Aşiret reislerinin yanaşması olanlar bile Prof,Ord.Prof.yüksek yargı Hakimi,Savcısı gibi ünvanlara da kavuşturuldular.Bunlar hep böyle oluverdi.O yüzden ilkesiz profların Tv kanallarında milleti biribirlerine düşürmeleri halen sürmektedir.

Olaylarla bazılarının kimlikleri açıklanınca hemen öğreniveriyoruz.
ABD-AB bilim kuruluşlarının yapacakları bir açıklama ile ülkemizin keskin proflarının,Doktorlarının bir anda tarım işçisinden daha vasıfsız hale düşebileceklerini biliyormuydunuz?
Böyle kirli ilişkiler ağında yetişenlerden bilim adamı olur mu?
Olmaz.
Olsa olsa geçen günkü Prof'un sahte ilaç çetesi olur.İnsanlar sömürülür,bilim adına, hem soyulur hem de kurban edilir.
Bu bilimsiz bilim adamları,1950 yıllarından sonra ABD-AB isteği üzerine,Atatürk'ün bile sağlığında haberi olmadığı bir "Atatürkçülük" "izm"ini ölümünden sonra yarattılar,milleti de çok sevip,iki yüzyıl sonunda ilk defa kendilerine başarı tattıran,ardına düşüp vatan için ölümlere gittikleri bu insandan da bıktırdılar.

Bu "izm" neden tutmadı?

İhanetin iç yüzü ve devleti kemirenlerin kimliği.

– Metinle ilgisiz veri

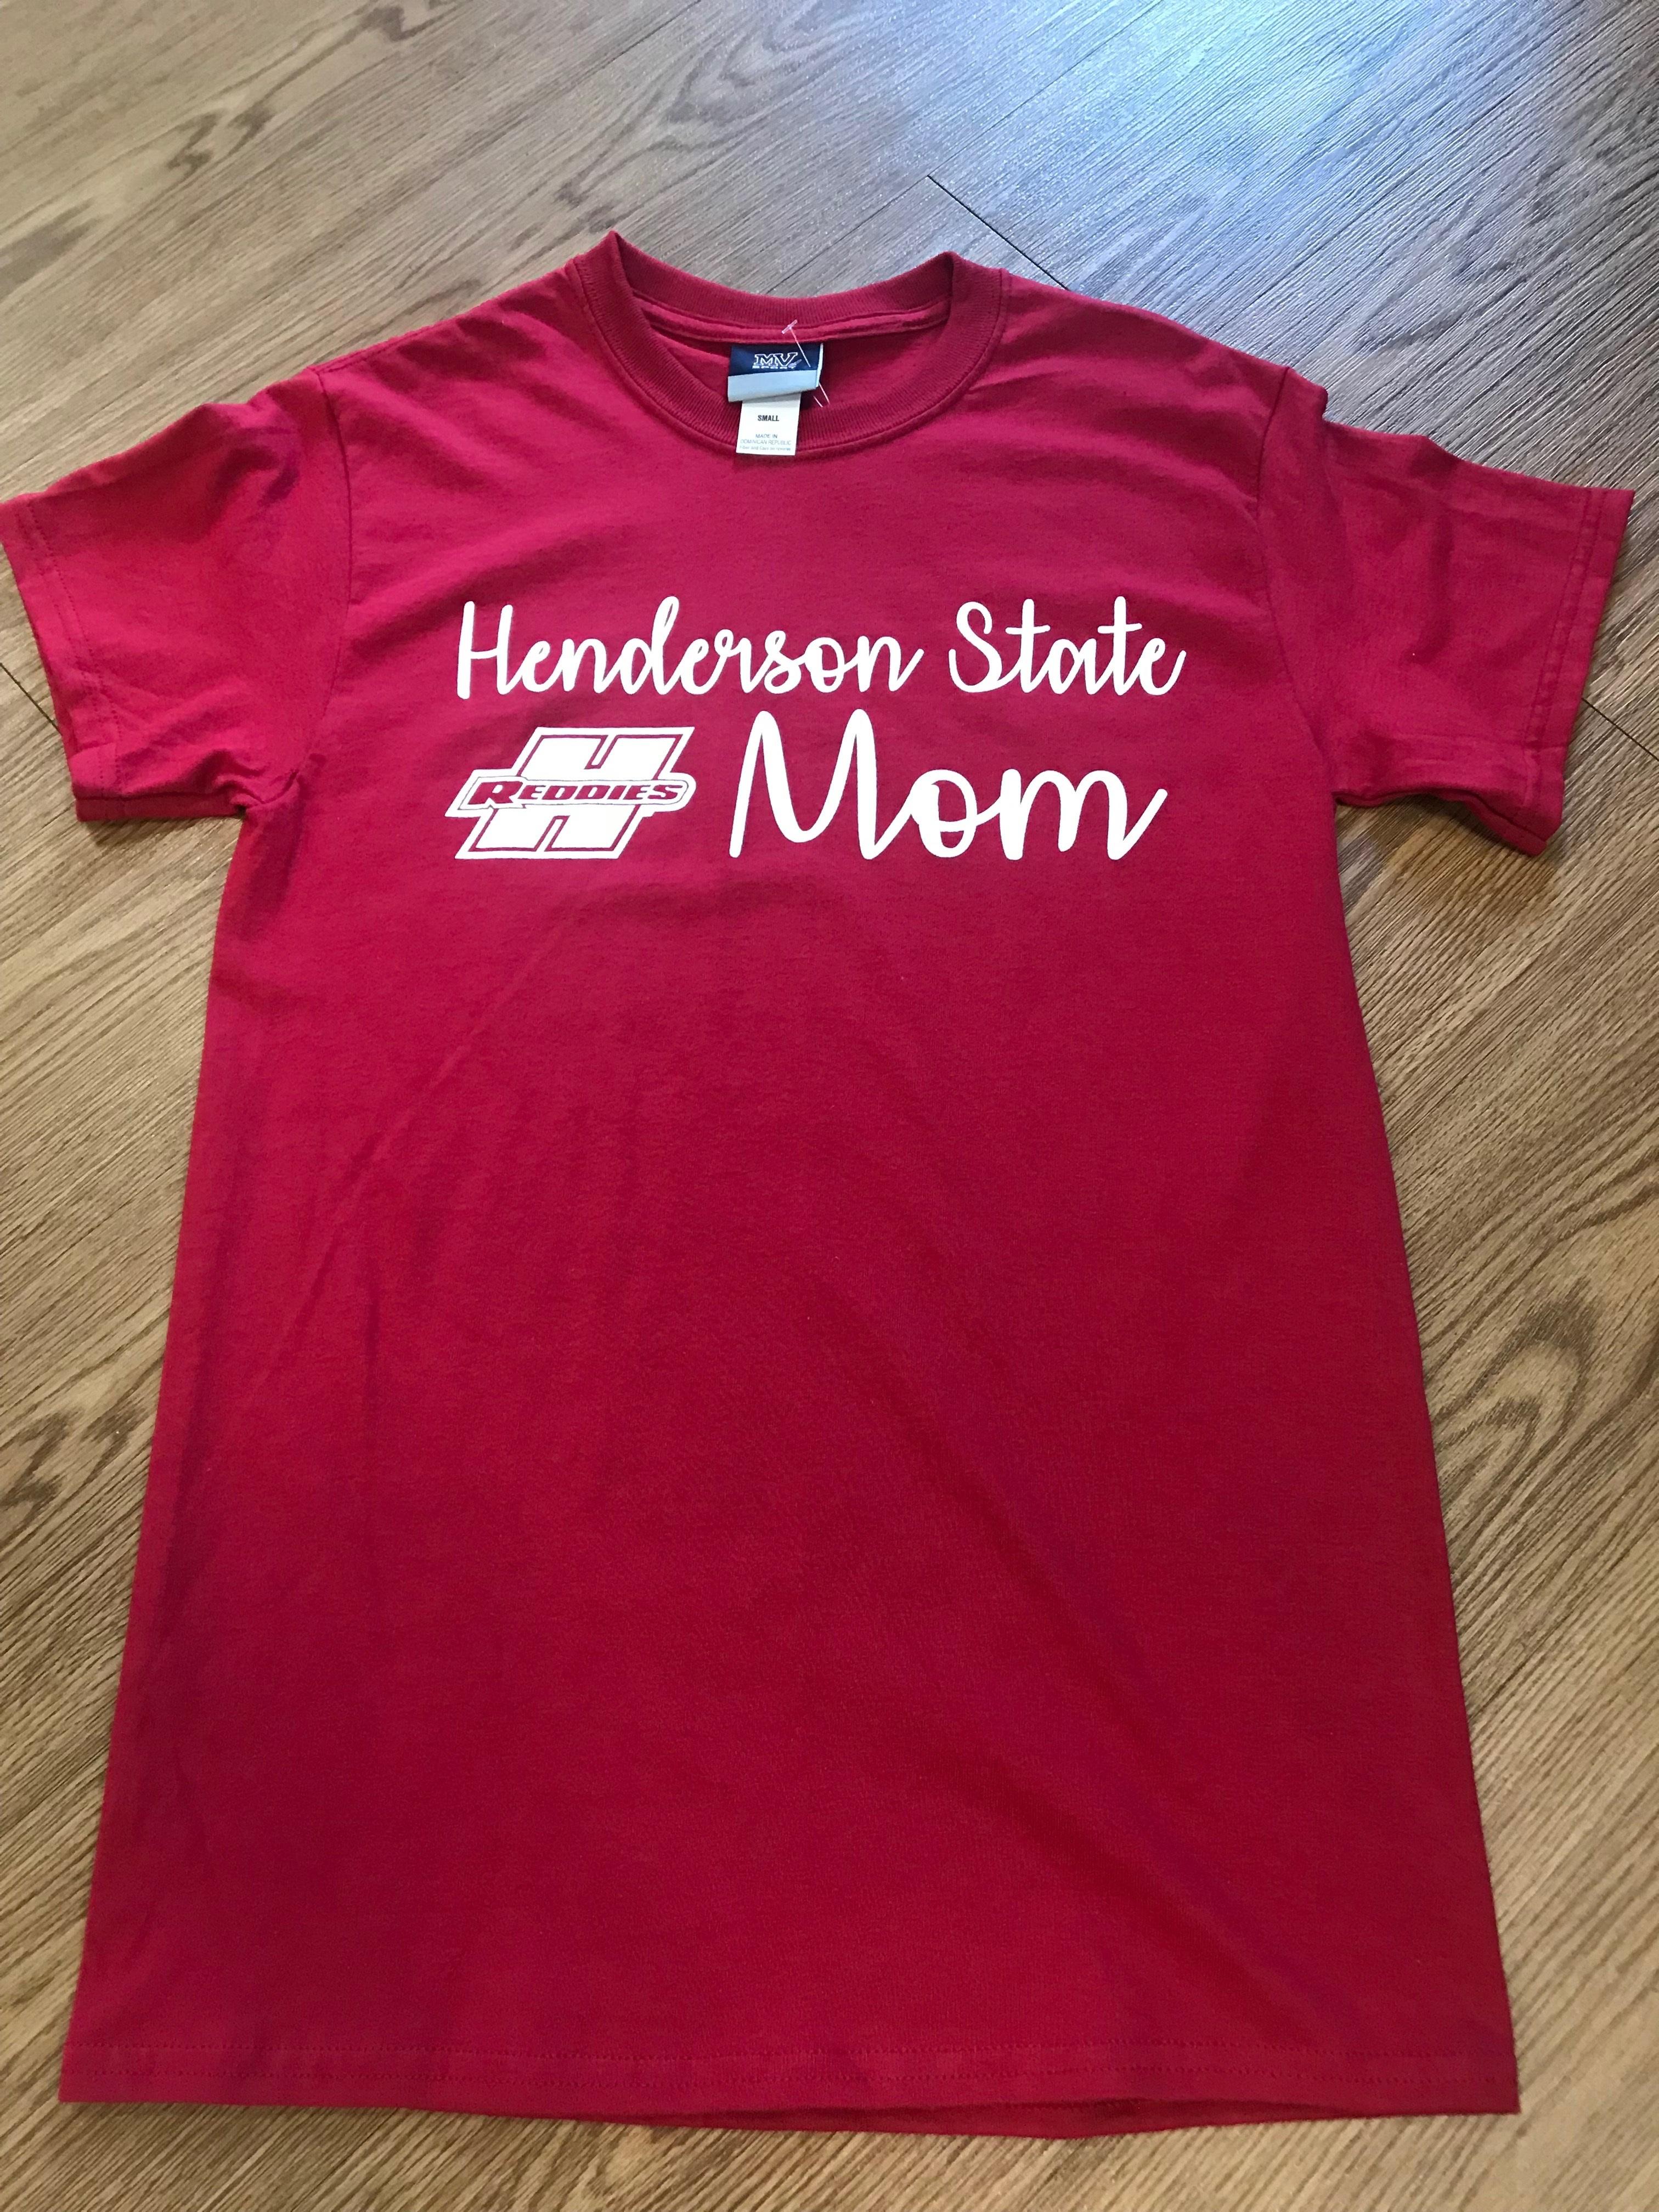 HENDERSON STATE MOM TEE

Biraz geniş alacağım,bazı geçmiş yazılarımın tekrarı olsa da sizleri yazı arama derdinden kurtarmak için böyle olacak.

Çünkü İsmet Paşa İngiltere'nin isteği üzerine,biraz da kendisinin o taraflı olması sebebiyle 22.Ekim.1938 III.Dersim İsyanı yapan Dersimlileri devlete sokmuştu.Bunlar,Rus işgali sırasında geçen altmış yıla yakın bir süre içinde Rusya'da "Bolşevizm"i kuracak olan generaller ve askerler tarafından eğitilmiş,14.yy."Hurufilik" tarikatının içinden gelmiş insanlardı.

Yani Marks bile "Komün"ü yazma fikrini bunların piri olan "Fazlullah Astarabadi"den almıştır dersem yanılmış olmam.

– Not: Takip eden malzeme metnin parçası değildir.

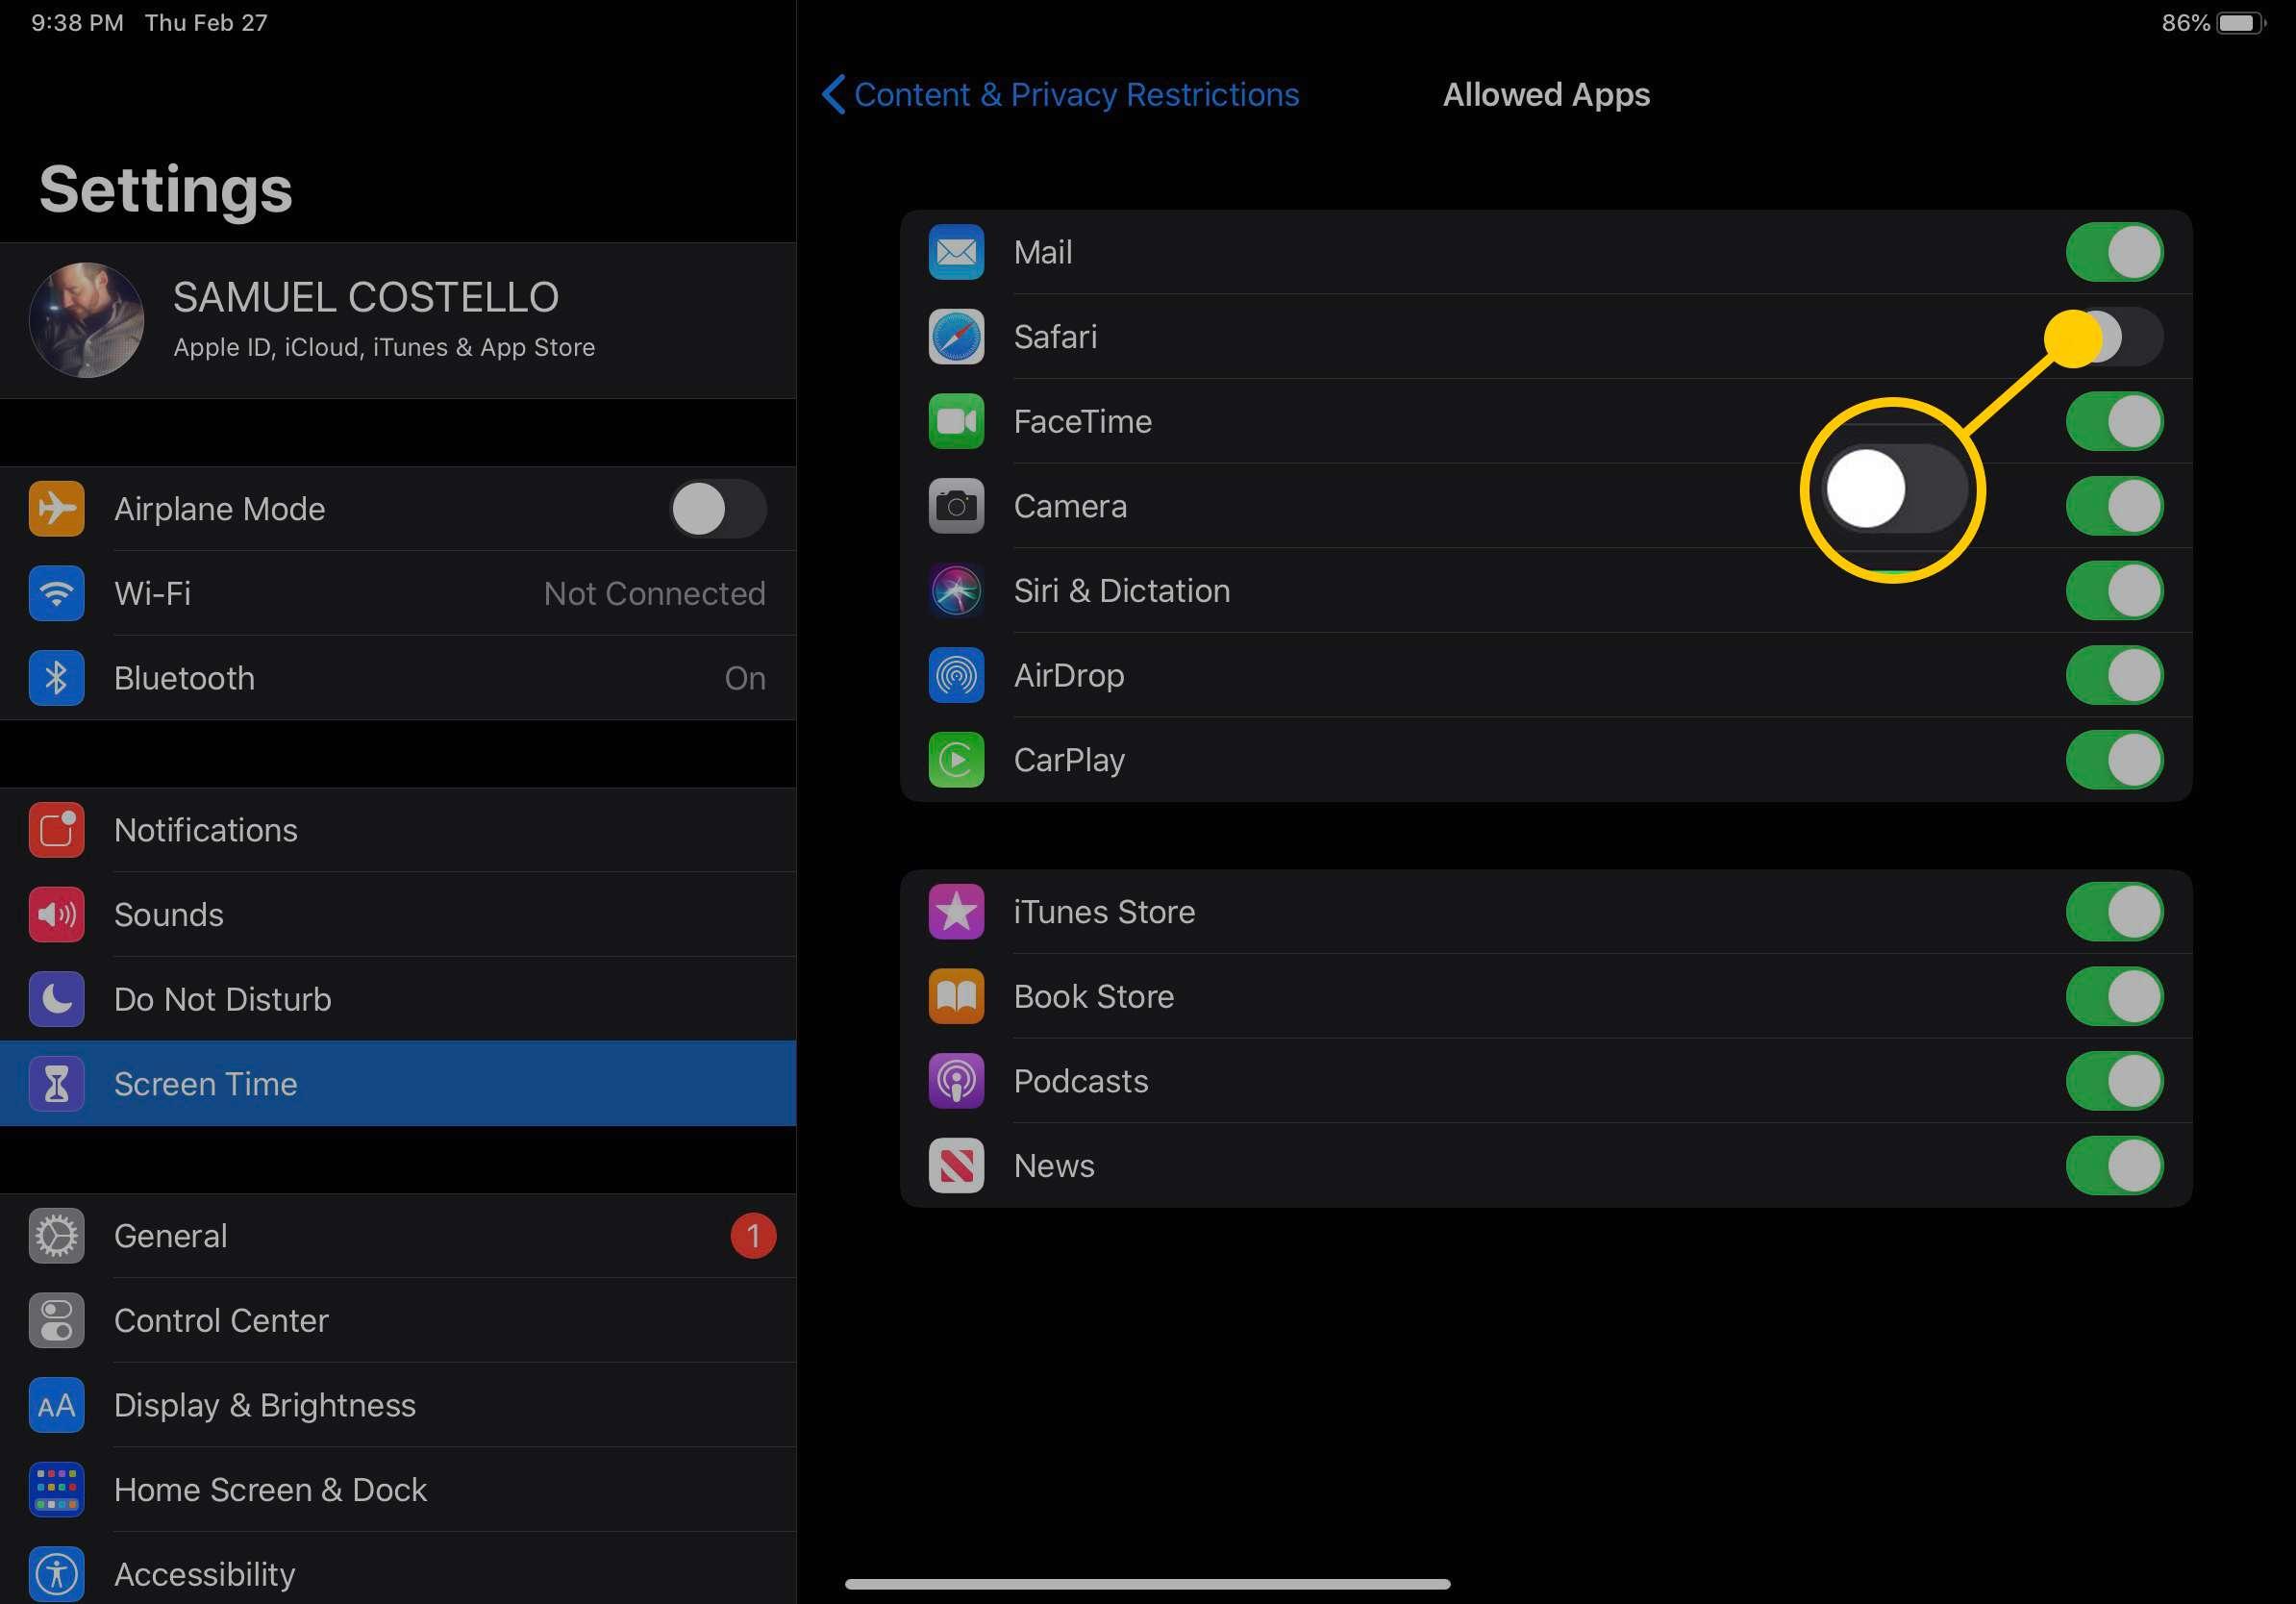 Screenshot of iPad Allowed Apps settings

Osmanlı bu tarikatı yasaklamakla matematiği de yasaklamış olduğundan Osmanlı'da edebiyat ve güzel sanatlar dışında o da "İslami Yöntem"e göre eser veren çıkmamıştır.Osmanlının çöküşü de bu yasaklama sonucu gelişmiştir inancındayım.Yalnız bu Hurufiler ahlaki kuralları zayıf olarak değerlendirilmiş olduğundan yasaklama ağır ve şiddetli olmuştur.Liderini öldüren de İran'daki Türk komutanlardır.Timur'un torunları da desek yalan olmaz.

Sünni Osmanlı'dan ağır baskılar gören,"Katli Vaciptir " diye fetvalar çıkarılan bu insanlarımız o zamanki "Dünyanın Hakim Gücü İngiltere" tarafından "O.T.İ=Osmanlı-Türk-İslam siyaseti"güderek Atatürk'ün Musul-Kerkük,Hatay siyasetlerini yapmayacak birilerine ihtiyaç duymuştur.Bu nedenle bunlar hem devlet düşmanı,hem dışlanmış halk, hem de isyancı özellikleriyle 19.yy'da bile ABD ve Avrupa'nın dikkatini çekmişlerdir.

O.T.İ ayrıca eski Osmanlı halklarını emperyalistlere isyan ettirerek bağımsızlaştırma veya eski Osmanlı'yı kurma fikiridir.Enver Paşa bu yolda ölmüştür.

Atatürk'ün de Musul-Kerkük ve Hatay siyasetleri bu yolda yorumlandığından İngiltere tarafından defteri dürülmüştür.

Atatürk sonrası cumhuriyet ile ilk kez devleti eline geçiren bu "Dersim" halkının asıl özelliği şudur.

Osmanlı'da "Dersim Vilayeti" özerktir.Cumhuriyet kurulunca bunu istemişlerdir.Atatürk bunu ertelemiş,ulusal devlet fikrini çıtlatmıştır.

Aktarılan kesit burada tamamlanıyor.